(Beginning of DATA SHOWN)

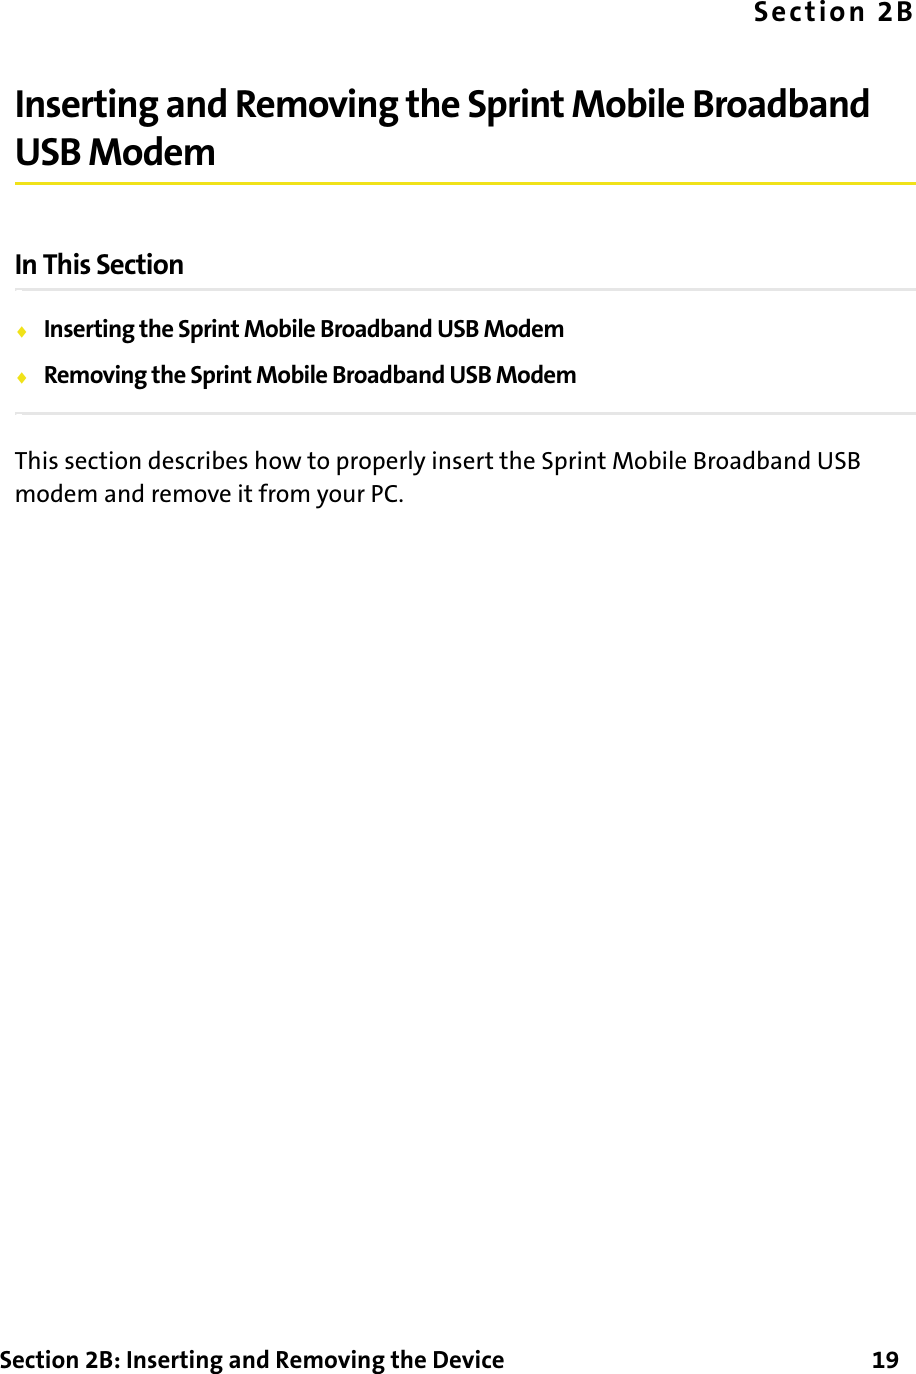 Section 2B: Inserting and Removing the Device      19Section 2BInserting and Removing the Sprint Mobile Broadband USB ModemIn This Section⽧Inserting the Sprint Mobile Broadband USB Modem⽧Removing the Sprint Mobile Broadband USB ModemThis section describes how to properly insert the Sprint Mobile Broadband USB modem and remove it from your PC.
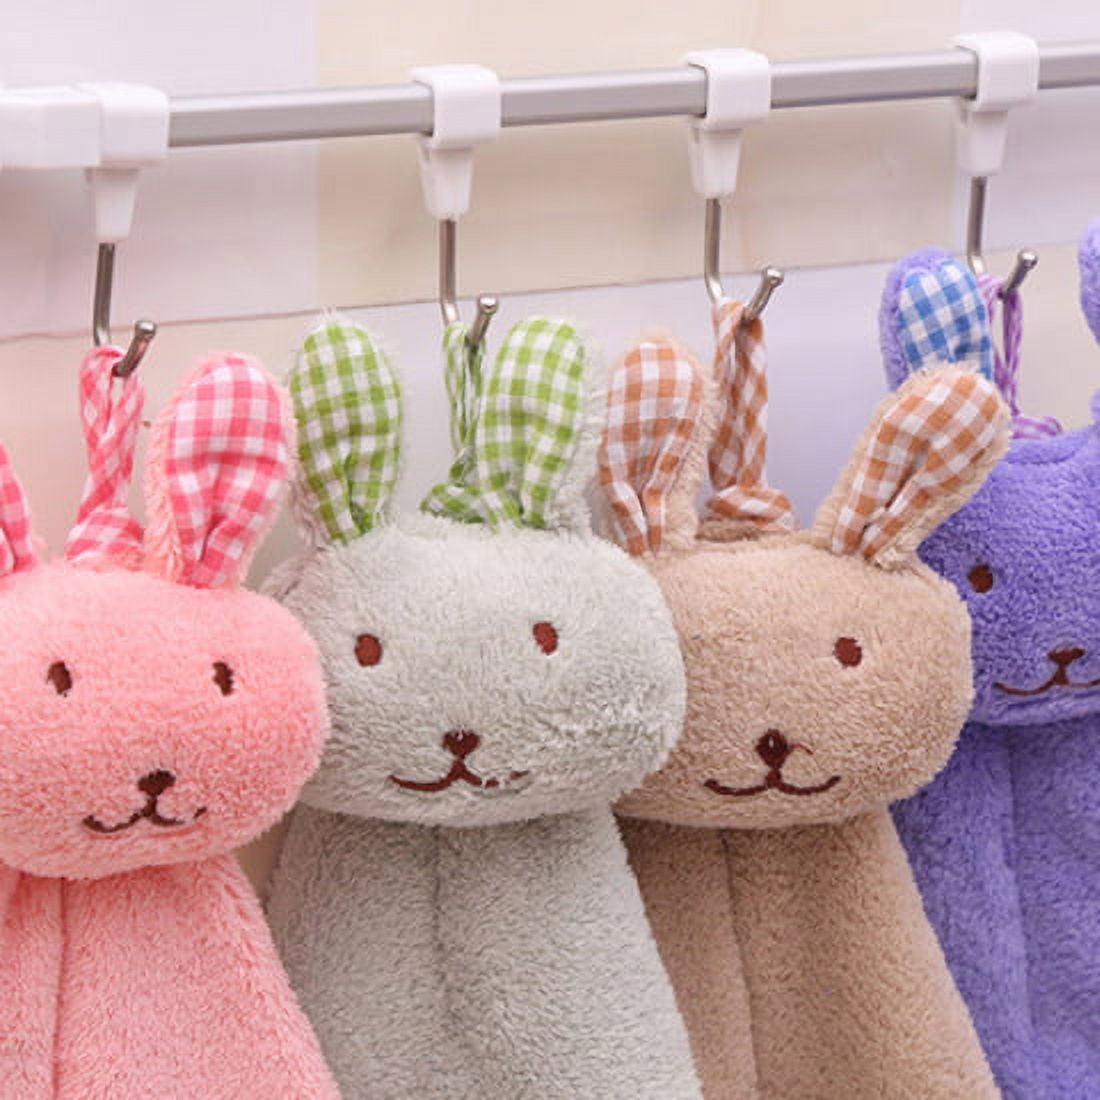 VSER 4 Pack Hanging Hand Towels for Bathroom&Kitchen,Ultra Thick Hand Towel  with Hanging Loop,Cute Child/Kids Microfiber Rabbit Hand
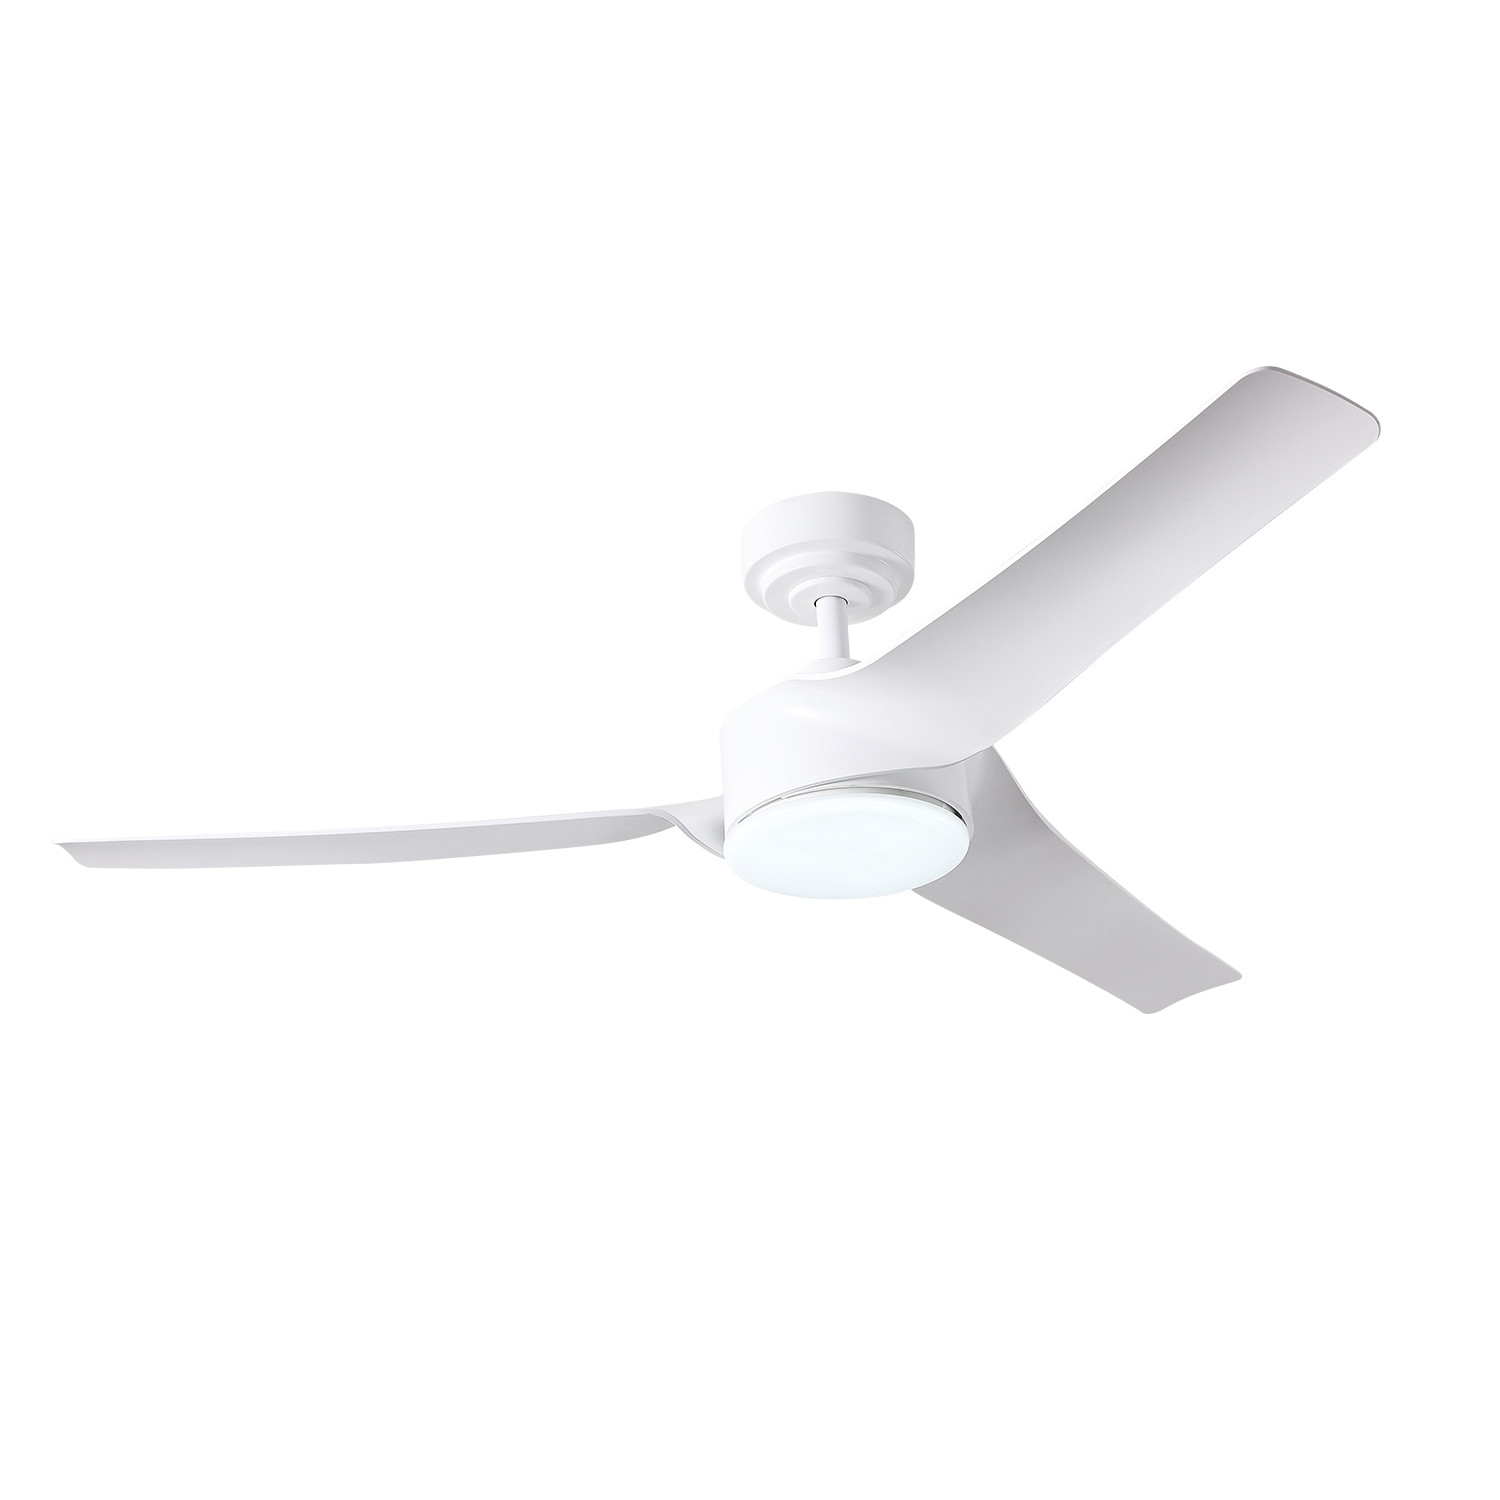 Discover the Ultimate Efficiency and Cooling Power of a 6-Blade Ceiling Fan
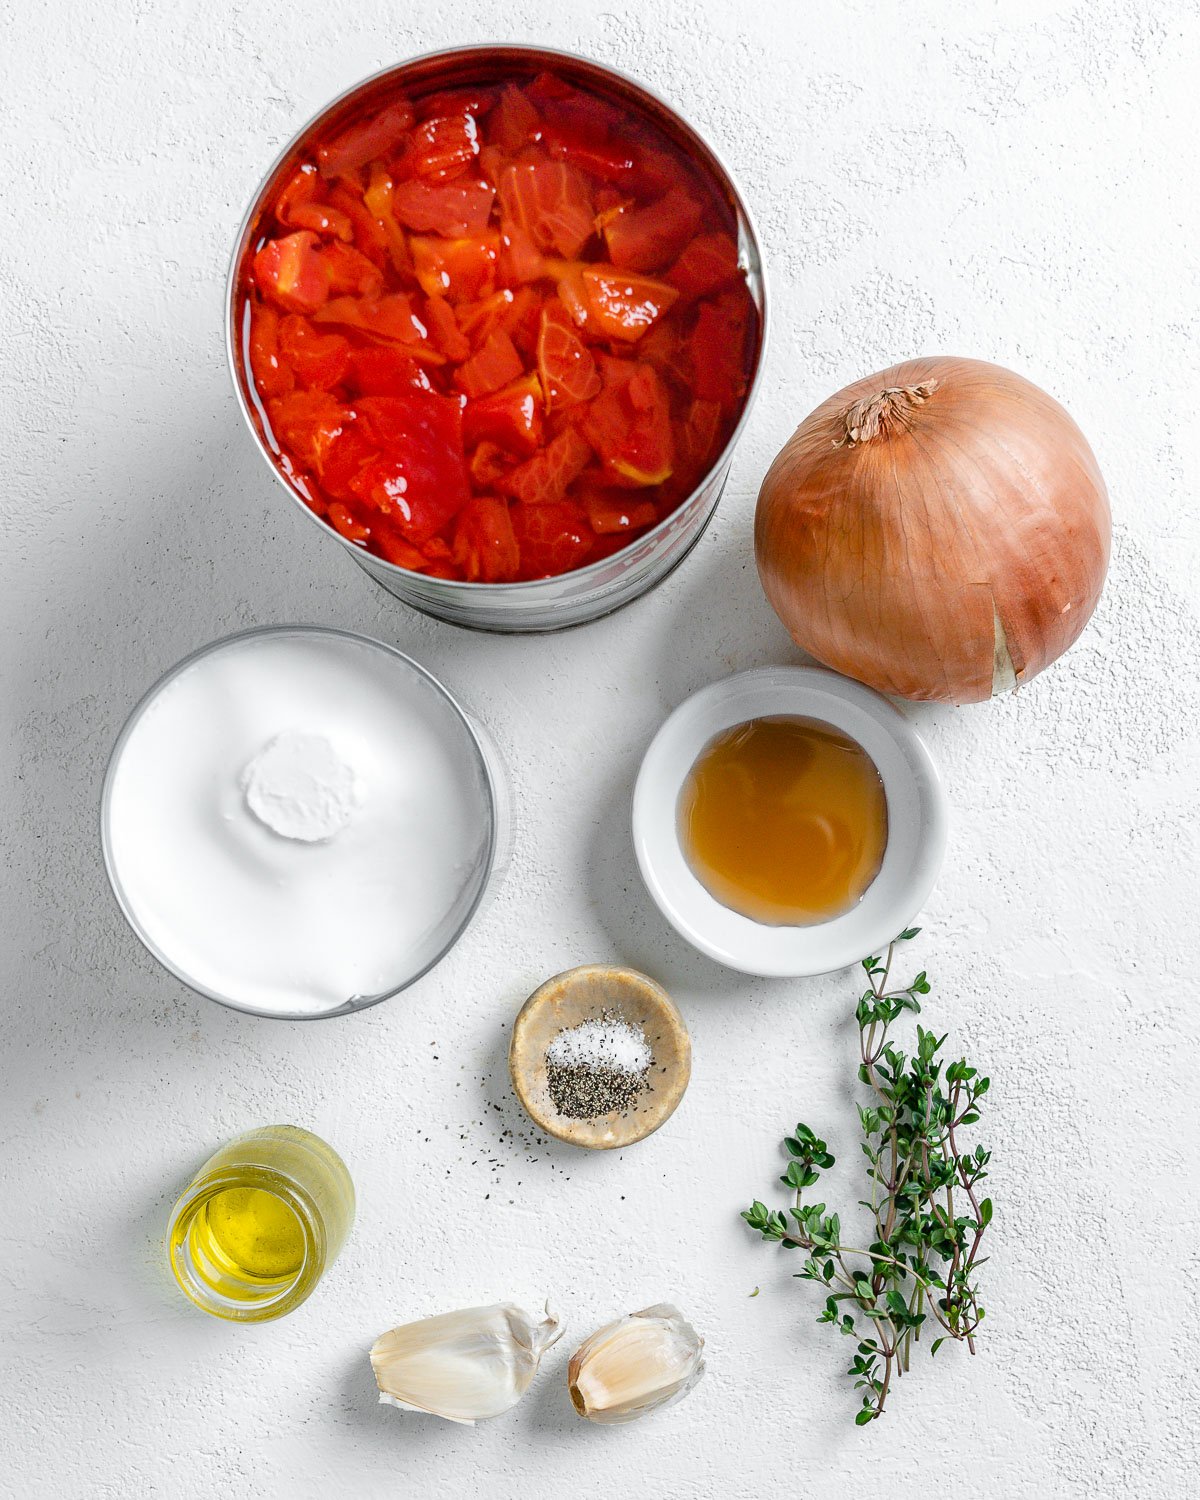 ingredients for Vegan Tomato Bisque with Thyme in individual bowls against a white surface
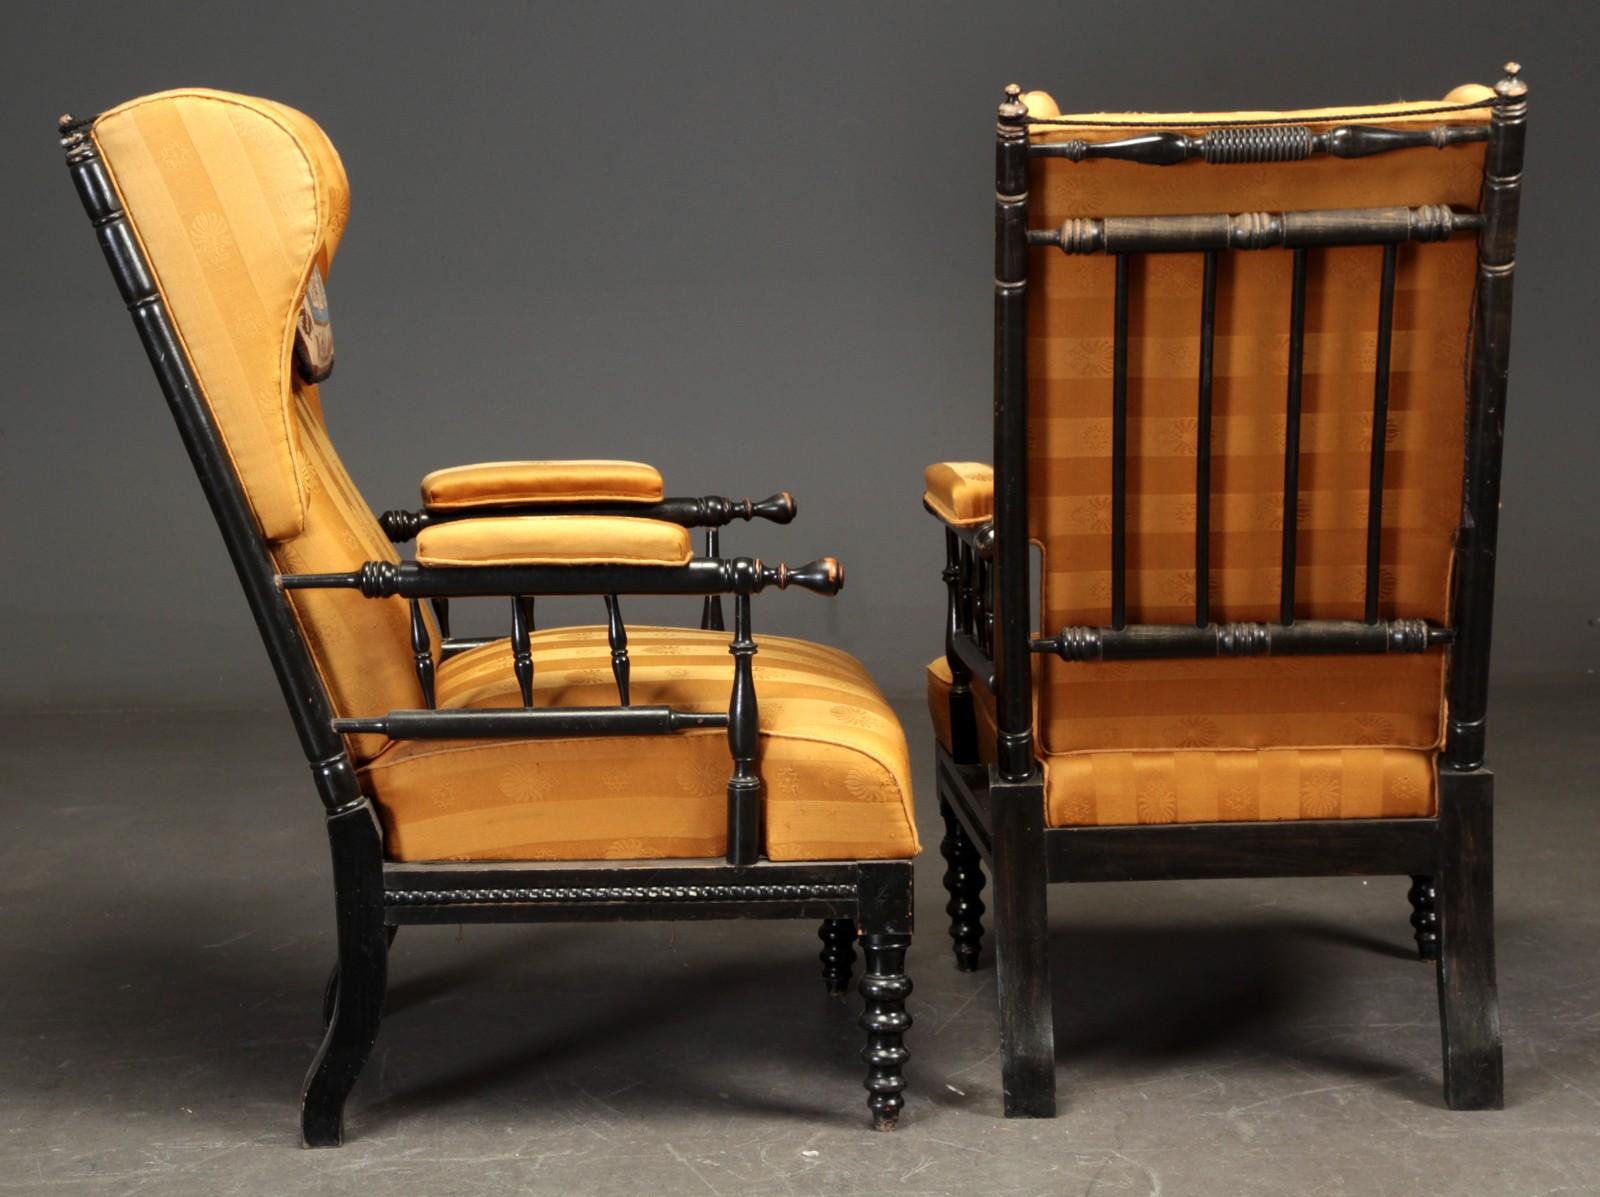 Pair of aesthetic period wingback armchairs. Black painted wooden frame, carved back splats lightly decorated, late 19th century. Upholstered in striped yellow fabric. A petit-point headrest accompanies each chair.

(End of DATA SHOWN)

TASK REQUIREMENTS — Every line from the one containing "Discover the Ultimate" through the end of the entries above is to be copied exactly; pictures are to be left out.

WRITTEN SOLUTION —
 Discover the Ultimate Efficiency and Cooling Power of a 6-Blade Ceiling Fan
 ingredients for Vegan Tomato Bisque with Thyme in individual bowls against a white surface
 Pair of aesthetic period wingback armchairs. Black painted wooden frame, carved back splats lightly decorated, late 19th century. Upholstered in striped yellow fabric. A petit-point headrest accompanies each chair.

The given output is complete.